成人股関節骨折患者の大腿神経ブロック vs 静脈内フェンタニル - 系統的レビュー

・股関節骨折は重要な公衆衛生上の問題であり、死亡率が高く、機能性を失う。股関節骨折とは、大腿骨頭部縁と小転子の下 5cm の間に発生する骨折を指す。これらは整形外科の緊急症例によく見られる。近位大腿骨骨折の症例数は、人口の年齢が高くなるにつれて増加する傾向がある。股関節骨折の初回入院時の平均なケア費用は、患者 1 人当たり約 7000 ドルと見積もられ得る。大腿骨骨折は痛みがあり、すぐに適切な鎮痛が必要である。大腿骨骨折痛の治療は困難で、利用可能な鎮痛剤の数が限られており、その多くが副作用を有しており、使用を制限する可能性がある。オピエートは最もよく使われる薬物であるが、いくつかの合併症をきたしうる。これに関連して、大腿神経ブロックは安全な代替法となり得る。救急医療の医師が使用する特別な区域麻酔法であり、患側脚の麻酔と鎮痛剤を提供する。
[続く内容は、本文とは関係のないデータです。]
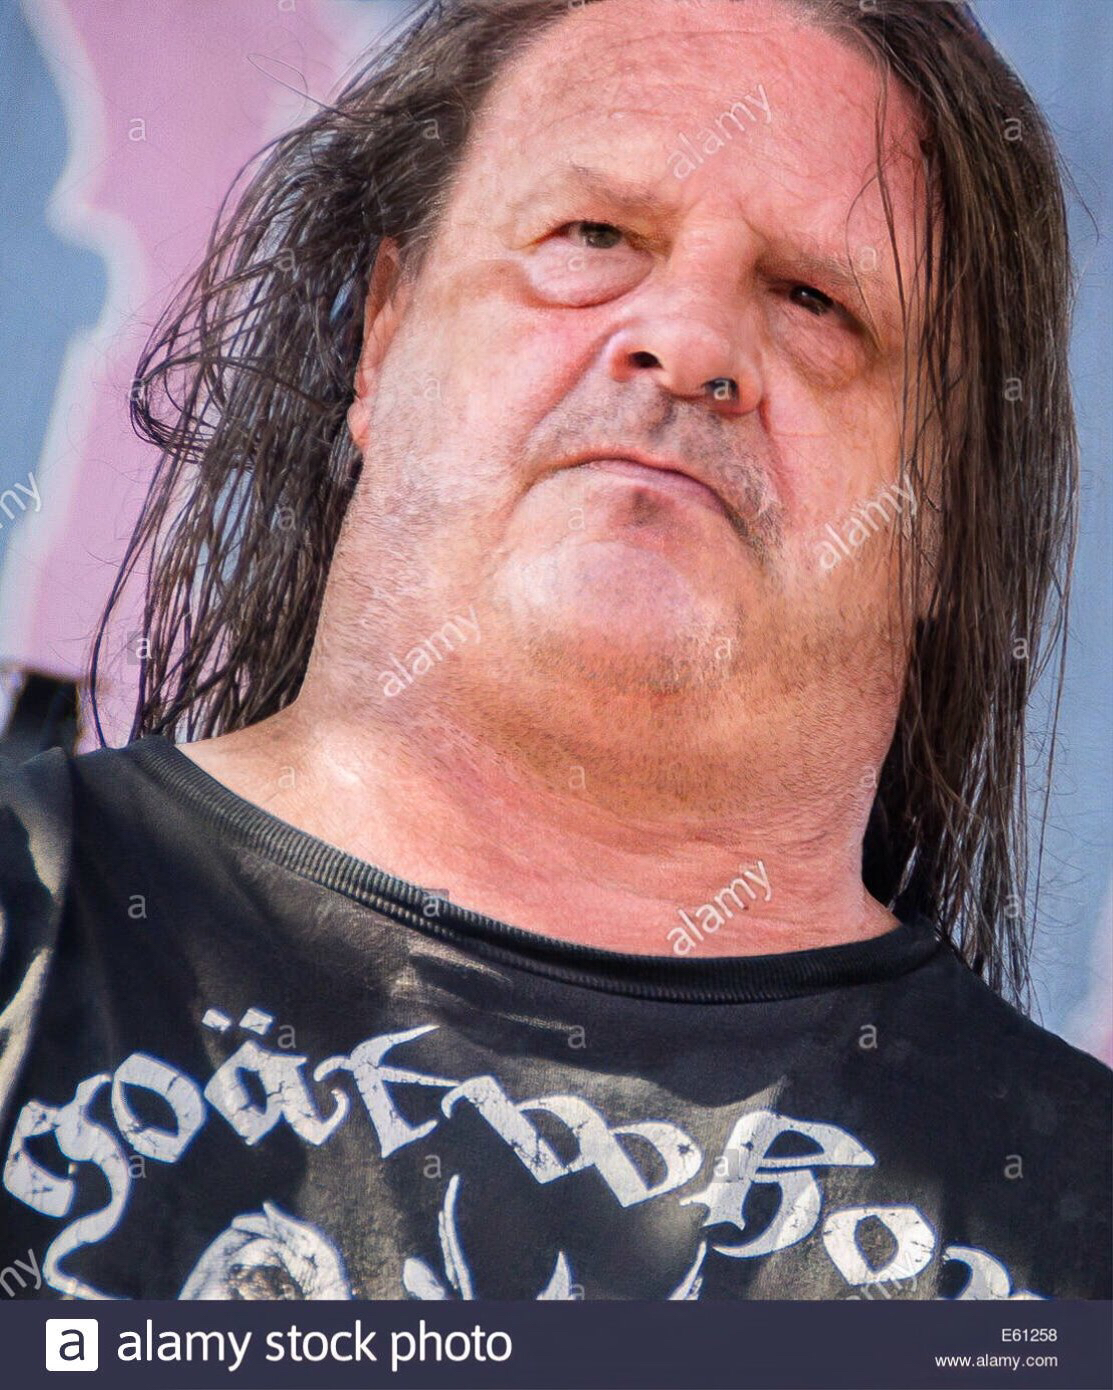 George ‘Corpsegrinder‘ Fisher (Cannibal Corpse)

・研究の目的は、大腿骨骨折患者で脊椎麻酔を実施するためたの体位を取る前に、静脈内フェンタニル vs 大腿神経ブロックの鎮痛有効性を痛み尺度で評価された大腿骨骨折患者の脊椎麻酔を行うための位置決め前の静脈内フェンタニル対大腿神経ブロックの鎮痛効力を比較することであった。

・科学文献の系統的レビューを実施した。大腿神経ブロックと伝統的なフェンタニルを比較する無作為化比較試験として記載されている研究が含まれる。2人の査読者(MR および FH)が、別々に潜在的に対象となる試験を含めて評価した。方法論評価は、Cochrane Collaboration によって開発された、無作為化比較試験のバイアス評価ツールに基づいた。Cochrane Library、Pubmed、Medline、Lilacs で、言語や時間の制限なしに全出版記事を検索した。

・本レビューに 2 件の研究が含まれた。大腿骨骨折を負った患者の疼痛を予防するのに、静脈内フェンタニルよりも神経ブロックが有効であるようであった。また、追加鎮痛剤の使用を減少させ、全身的合併症のリスクを低下させた。大腿神経ブロックは、手術を受けるであろう患者に脊椎麻酔を実施する時間をを短縮し、脊椎麻酔のための坐位を容易にした。

・大腿神経ブロックの使用は、疼痛の程度と追加鎮痛剤の必要性を低減することができる。これに関連する全身的有害事象は少なく、処置自体が大きなリスクをもたらさない。さらなる結論を得るためには、もっと多くの研究が必要である。

【出典】
Femoral nerve block versus intravenous fentanyl in adult patients with hip fractures - a systematic review.
Braz J Anesthesiol. 2017 Jan - Feb;67(1):67-71. doi: 10.1016/j.bjane.2015.08.017. Epub 2016 Apr 19.